Algorithm Description

The prediction algorithm takes into consideration site-specific conditions. These include network segment, client computer capability, DICOM application software, load on the PACS, and specific file parameters of a clinical study. All of these factors affect the transfer rate of images to a workstation. Network segment affects the speed of transfer depending upon bandwidth. In addition, the file may pass through any combination of firewall, switch, or hub. Computer capability determines the speed at which our DICOM client software could receive and store images locally. The DICOM headers had to be analyzed and the metadata stored as a record on a local database. Application software affects transfer speed by choice of database and processing algorithms. Load on the PACS reflects the capability of the PACS hardware and software to send multiple studies at the same time. There may be limitations on throughput due to network card, buffer or thread implementation, server memory, and processing power. Clinical study specifics include modality, number of images or slices, and compression. CR studies have a few large images, which means that transfer rates are dominated by the number of bytes to be transferred. In contrast, MR images are small (256 × 256), but in tens if not hundreds of images, which means a greater percentage of time is spent on header processing and DICOM file transmission overhead.

Data

A log from the PACS Server was generated from the simulation requesting 131 studies from five workstations over a 40-minute interval beginning at 46,000 seconds (12:47 p.m.) to 48,500 seconds (1:28 p.m.). The analysis of this log is presented in this section.
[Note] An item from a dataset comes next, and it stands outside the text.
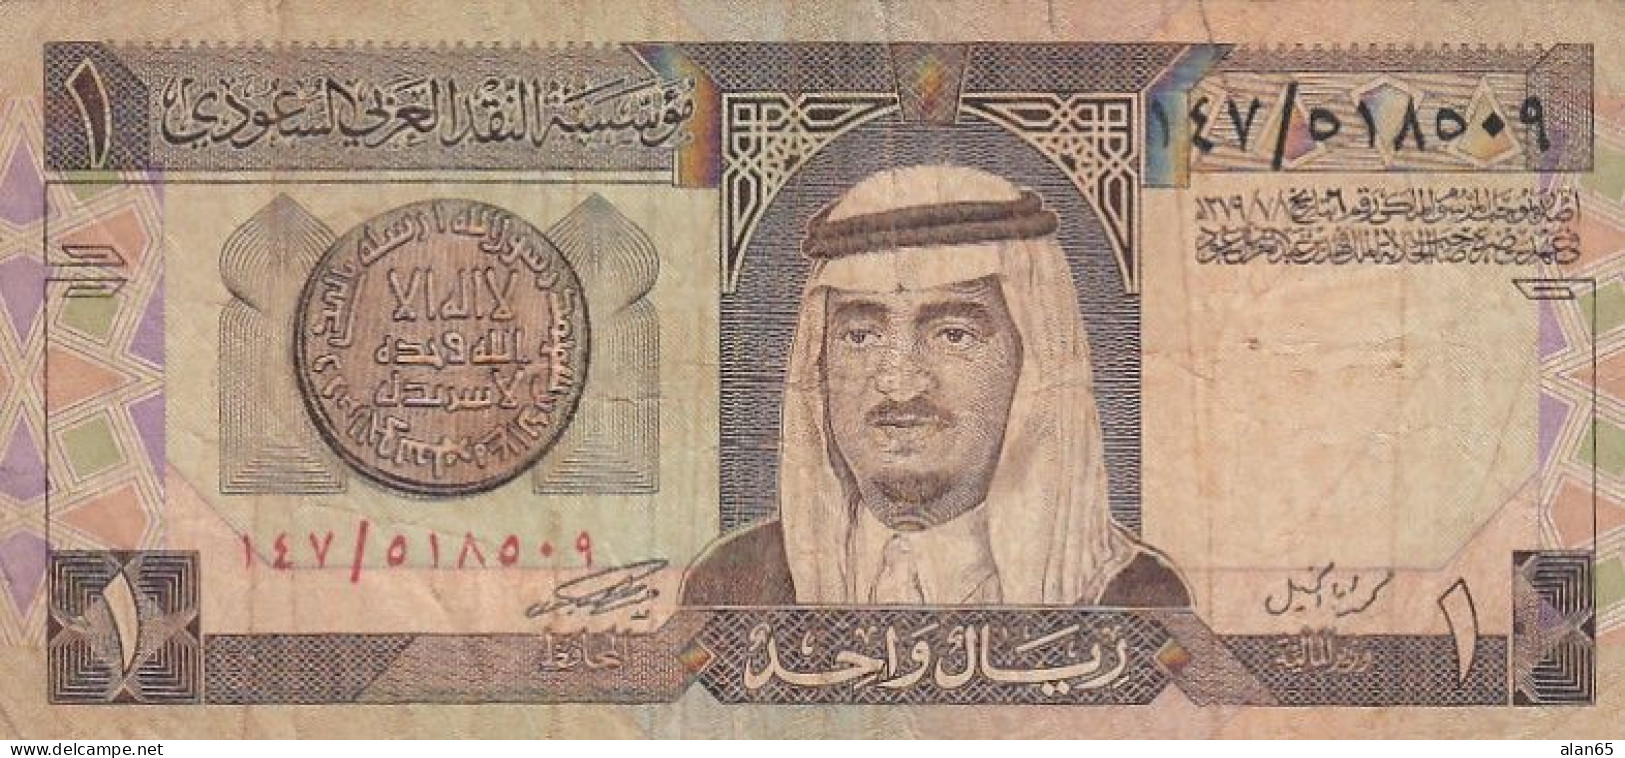 Saudi Arabia Lot Of 2, #21b 1 Riyal 1984 Banknote And #22a 5 Riyal 1983 Banknote - Arabia Saudita

A 400-second interval from the total 2,500-second simulation is shown in Figure 1, graphically illustrating the sequence of studies transferred for the five clients. The horizontal axis is expressed in seconds for that day (e.g., interval starts at 1:07:30 p.m.). The time to transfer a study consists of a delay in the start of transmission (i.e., sitting in queue) and the actual send (transmitting) time. The chronology of the first 13 studies in this figure is explained, beginning from the bottom. Client1 and Client2 already have a study transfer in progress at time 47250, which is why no delay time is evident. Client1 then makes three additional requests within a 16-second period beginning at time 47251. The next request by Client1 takes place at 47501 seconds. Client2 makes a single request at 47283 seconds. Six minutes later, Client2 requests a set of six studies. The 14th to 26th study represents the studies requested by Client3, Client4, and Client5.

Fig 1.

Fig 1

Sequence of study transfers over 400 s.

The remainder of this section consists of descriptive statistics from this simulation. Performance characteristics of each workstation are contained in Workstation Performance section. Workstation and the Impact of Modality describes the impact of modality upon workstation performance. The reader should note that 13 of the 26 delays in the interval shown in Figure 1 resulted from a queue backlog that is discussed in Backlog in Queues.

Workstation Performance

The differences in transfer rates to each workstation reflect a number of parameters important for a delivery time prediction algorithm. These include the computer components of the workstation, network segment, and application software. Table 3 provides average performance for each client showing relative differences between the workstations without regard to modality (see Workstation and the Impact of Modality). The standard deviation is shown in brackets for each value.

Table 3.

Transfer Rates by Workstation Destination (Standard Deviations in Brackets)

Workstation Average Time for Study (s) Average Transfer (Mbps) Average Start Delay (s) Average Start Delay Without Backlog (s)
Client1 53.6 [22.5] 0.34 [0.15] 7.0 [3.5] 7.0 [3.4]
Client2 48.1 [12.6] 0.38 [0.17] 7.1 [5.9] 5.2 [2.9]
Client3 23.5 [12.3] 2.01 [2.26] 7.8 [6.7] 5.4 [3.4]
Client4 10.2 [5.7] 4.21 [1.94] 6.5 [5.5] 5.3 [3.4]
Client5 17.0 [8.2] 1.72 [1.16] 6.2 [3.8] 5.9 [3.3]
All 29.8 [21.5] 1.77 [2.01] 6.9 [5.2] 5.7 [3.3]

The average time for processing a study in the first column ranges from 10.2 seconds for Client4 to 53.6 seconds for Client1. This is the time from when the PACS received a request to the time that PACS records in the log that the study has been sent. The average transfer rate is measured in megabytes per second (MBps) as shown in the second column, where the total size in megabytes of the study is divided by the time from when the PACS begins transmitting the images to the workstation until the study is completed. Client1 and Client2 have very slow transfer rates because of their location on a 10-Mbps (1.25 Mbps) network segment. The third set of measures is the average start delay in seconds as shown in column 3. Start delay (“delay”) marks the time when PACS receives a request up to the time the transmission of images has begun. Our PACS Simulator uses four queues. There were 22 studies that became backlogged in a queue during the 40‐minute simulation. Many of these 22 studies had lengthy delay times simply because they had to wait for the previous study to finish. The average delay in seconds excluding these 22 studies is found in column 4.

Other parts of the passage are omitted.